# How to sketch $\ln\left(\sqrt{x^2+y^2}\right)=-\arctan\left(\frac{y}{x}\right)$ in polar coordinates?

How would one sketch the graph of $$\ln\left(\sqrt{x^2+y^2}\right)=-\arctan\left(\frac{y}{x}\right)$$ in polar coordinates? I'm aware that polar coordinates involve a radius $r$ and angle $\theta$, such as $r=2-\cos(\theta)$, but in this case we have a cartesian equation. How would we convert this in terms of $r$ and $\theta$? Thanks.
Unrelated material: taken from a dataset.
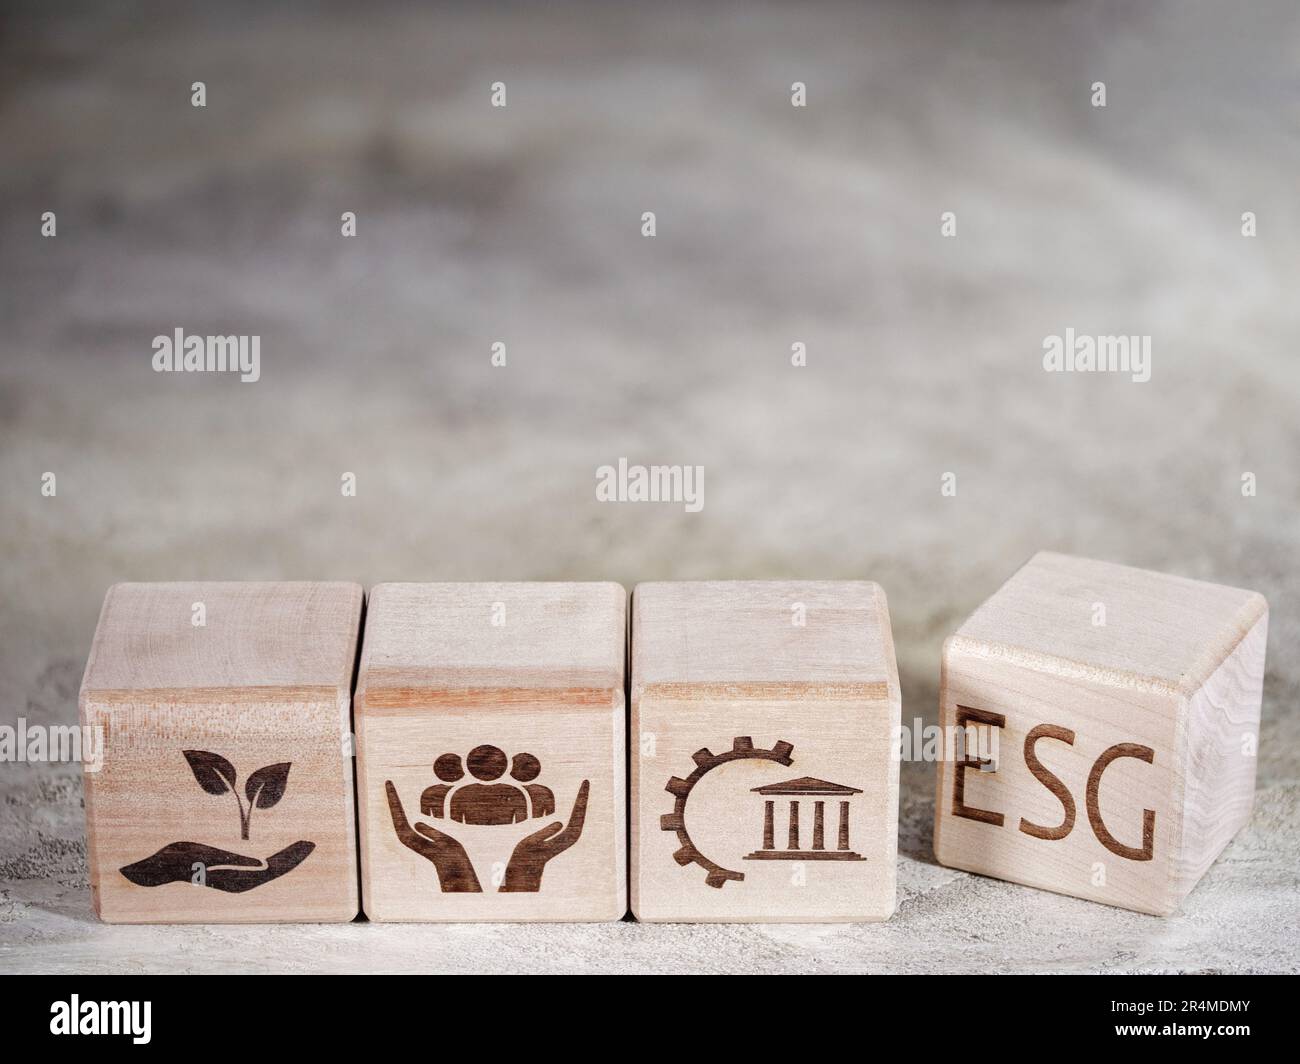 Simboli dei criteri ESG su blocchi di legno come concetto di principi di gestione aziendale Foto Stock

• $x^2+y^2 = r^2$ and $\arctan(y/x) = \theta$ Are you familiar with these formulae? Sep 26 '17 at 13:59
• @JohnLou Hi John, what process led to those derivations? (it seems straightforward but I still want to know, thanks!) Sep 26 '17 at 14:02
• The former is derived via the pythagorean theorem (or the distance formula). The same is true of $\theta$. Draw a triangle to help prove this. mathsisfun.com/polar-cartesian-coordinates.html Sep 26 '17 at 14:03
• It's also worth pointing out that $\arctan(y/x)$ is only $\theta$ when $-\pi/2 < \theta < \pi/2$. Sep 26 '17 at 14:03
• So is it just convenient that my equation contains an $x^2+y^2$ and a trig function $\arctan(y/x)$? Otherwise you can't express a Cartesian equation in polar coordinates? Sep 26 '17 at 14:05

$$z=e^{-\theta}e^{i\theta}\\ r=e^{-\theta}$$
$$x=\Re(z)=e^{-\theta}\cos\theta\\ y=\Im(z)=e^{-\theta}\sin\theta\\ x^2+y^2=e^{-2\theta}\\ \sqrt{x^2+y^2}=e^{-\theta}\\ \theta=\tan^{-1}\frac{y}{x}\\$$
$$\ln\left(\sqrt{x^2+y^2}\right)=-\arctan\left(\frac{y}{x}\right)$$